I think it's important to point this out, because one of the biggest mistakes I'm seeing developers do these days is relying too much on unit tests (especially on "behavior" tests using mocks) and not trying to catch problems at a higher level using higher level tests. Then the code gets deployed and - surprise surprise - all kinds of unforeseen errors come out.
Unit tests are useful, but they are, by definition, very limited in scope.
While I see some value in the red-green unit testing approach, I've found the drawbacks to often eclipse the advantages, especially under real-world time constraints.
In my day to day programming, when I neglect writing tests, the regret is always about those that are on the side of integration testing. I'm okay with not testing individual functions or individual modules even. But the stuff that 'integrates' various modules/concerns is almost always worth writing tests for.
In my experience it's far easier to introduce testing by focusing on unit testing complicated, stateless business logic. The setup is less complex, the feedback cycle is quick, and the value is apparent ("oh gosh, now I understand all these edge cases and can change this complicated code with more confidence"). I think it also leads to better code at the class/module/function level.
In my experience once a test (of any kind) saves a developer from a regression, they become far more amenable to writing more tests.
That said I think starting with integration tests might be a good area of growth for me.
Writing functional tests is easy when you have a clear spec.
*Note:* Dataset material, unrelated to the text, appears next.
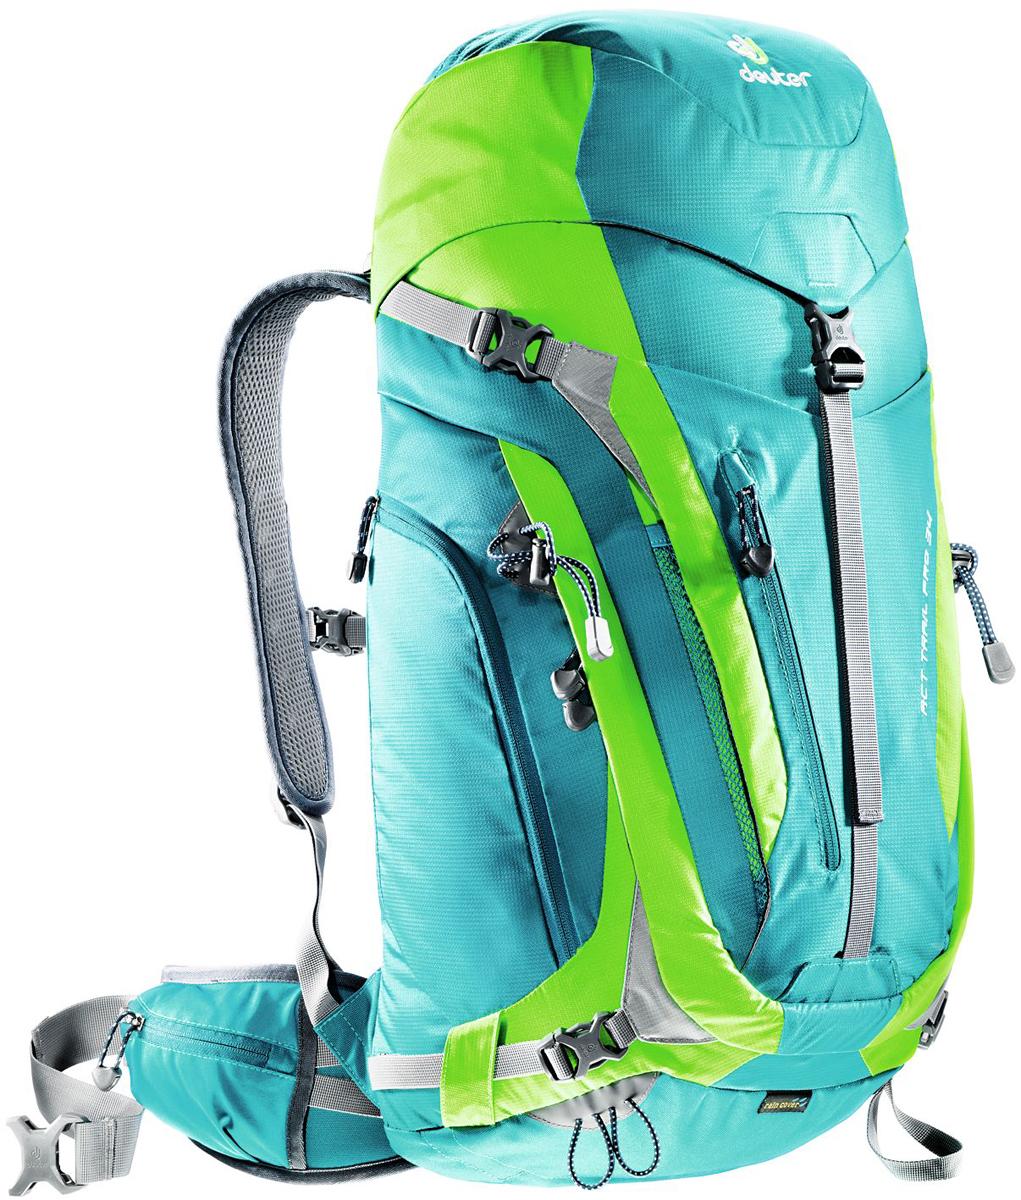 цена на Рюкзак туристический Deuter ACT Trail, цвет: голубой, салатовый, 34 л

If you do, tests are basically the expression of that spec in code. Conversely, if they're hard to write, that means that your spec is underspecified or otherwise deficient (and then, as a developer, ideally, you go bug the product manager to fix that).
Integration tests are pretty important in huge codebases with complex interactions. Unit tests are of course useful to shorten the dev cycle, but you need to design your software to be amenable to unit testing. Bolting them onto a legacy codebase can be really hard.
Exactly. I have a product that spans multiple devices and multiple architectures: micro controllers, SDKs and drivers running on PCs, third-party devices with firmware on them and FPGA code. They all evolve at their own pace, and there’s a big explosion of possible combinations in the field.
We ended up emulating the hardware, run all the software on the emulated hardware, and deploy integration tests to a thousand nodes on AWS for a few minutes it takes to test each combination. Tests finish quickly and it has been a while since we shipped something with a bug in it.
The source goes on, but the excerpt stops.